10 Questões Sobre Justificação, Santificação e Perfeição

&Analisando Ensinos Bíblicos  &

Prof. Azenilto G. Brito

1 - Justificação é o veredito do divino Juiz nas cortes celestiais de que o perdão é nosso, nossa a vida eterna, nossa a celestial herança, nosso o Espírito Santo. Pela fé já fomos declarados perfeitos (Heb. 10:14), passamos escatologicamente da morte para a vida (João 5:24), já ressuscitamos e subimos para o céu para assentar-nos nos lugares celestiais (Efé. 2:5, 6).

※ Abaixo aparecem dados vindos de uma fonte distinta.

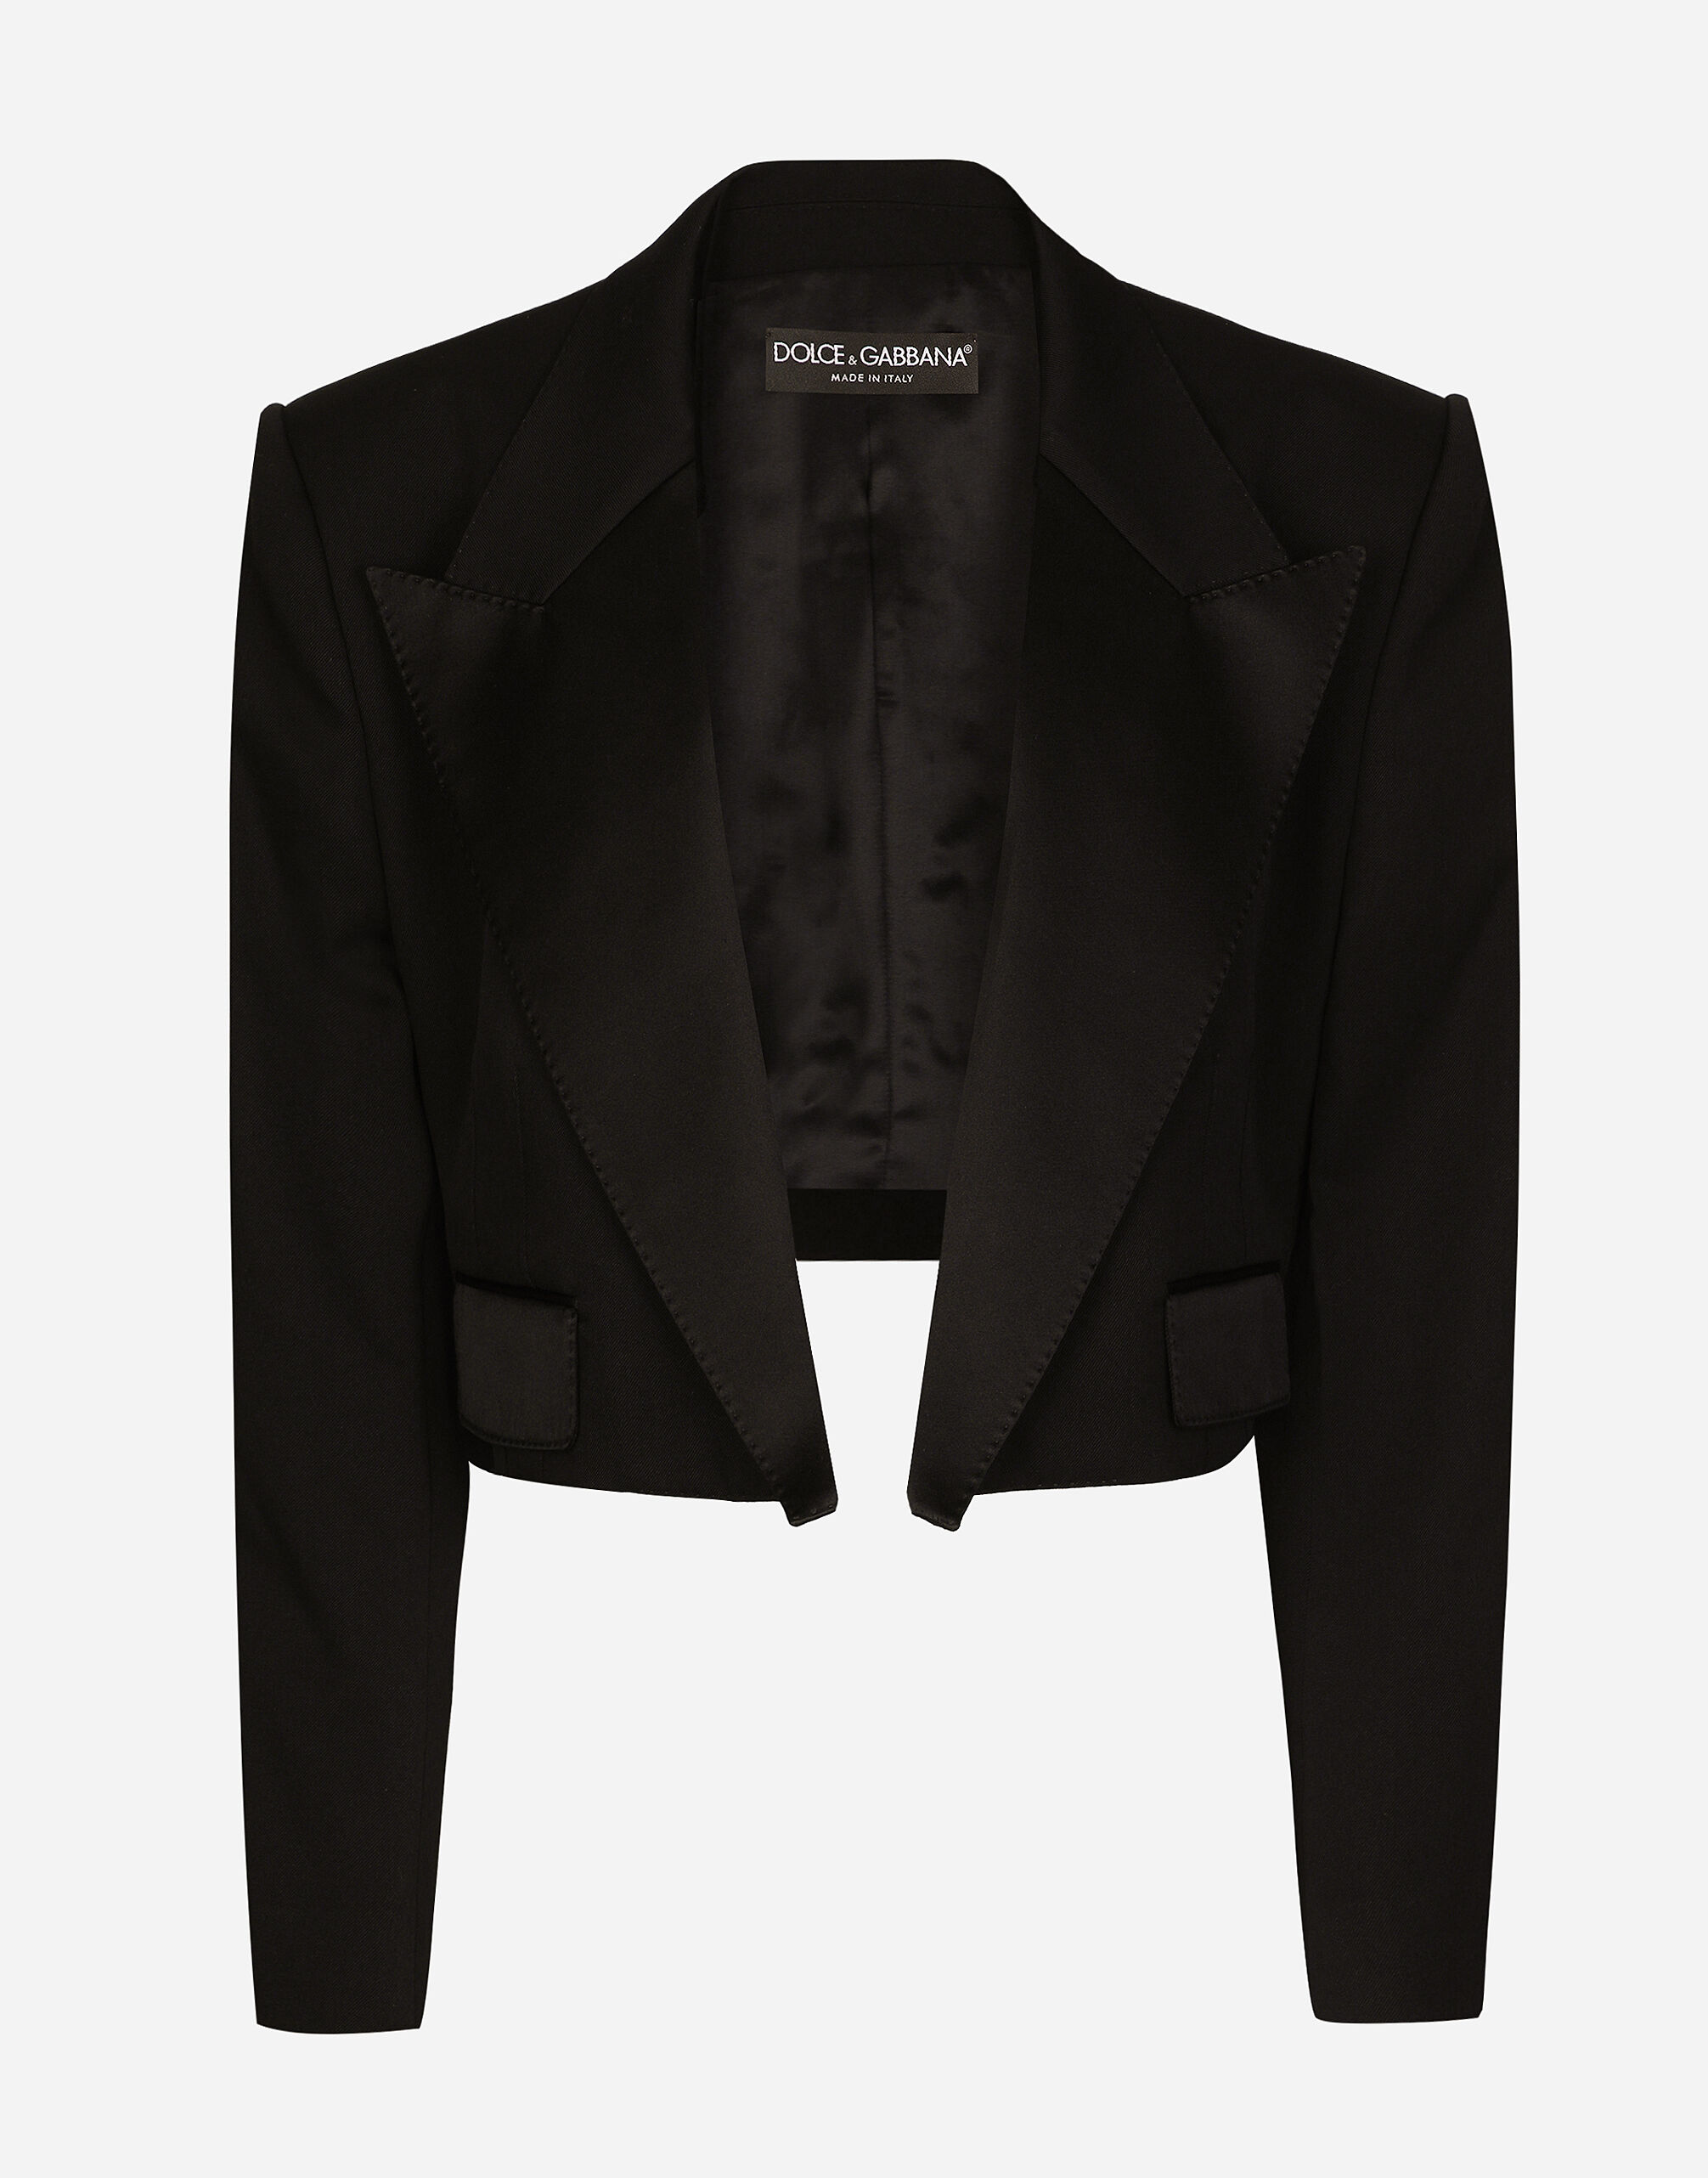 Dolce & Gabbana Wool gabardine Spencer tuxedo jacket Print FN093RGDAWW

Ponderando: O evangelho não aponta apenas para o passado--o Calvário--mas apresenta-nos as boas novas de que temos os nossos nomes registrados no livro da vida (Luc. 10:20; Fil. 4:3) e é um retrato que temos do futuro como fato presente e real para ser agora desfrutado. O Segundo Advento será o desdobramento concreto e empírico daquilo que já é nosso em Cristo Jesus porque “fé é a certeza de cousas que se esperam, a convicção de fatos que se não vêem” (Heb. 11:1).

2 - Regeneração, ou “novo nascimento”, não é a causa de nossa salvação, mas sua conseqüência. Não somos salvos porque nascemos de novo, mas nascemos de novo por termos sido salvos. Em Romanos 5:1 vemos que desfrutamos “paz com Deus” por termos sido justificados pela fé. Na entrevista de Jesus com Nicodemos, Ele lhe fala de sua necessidade de nascer de novo, mas aponta à cruz como fonte da salvação: João 3:3, 14, 15.

Ponderando: Outra ênfase muito importante dos Reformadores é a do caráter extrínseco  da justificação pela fé. A frase “fora de nós” expressa bem essa noção da obra de Deus por nós no Calvário na justificação, enquanto Sua operação intrínseca para nos regenerar representa a santificação. A linguagem típica no meio evangélico contemporâneo de “deixar Cristo entrar no coração” se aplica a este segundo aspecto e está em harmonia com João 14:23. Contudo, a fonte da salvação não é esse habitar de Cristo (mediante o Espírito) no íntimo da pessoa, realizando a sua regeneração, pois não somos salvos por termos sido regenerados, e sim porque Cristo pagou na cruz o preço de nossa culpa (1 Cor. 6:20; 7:23).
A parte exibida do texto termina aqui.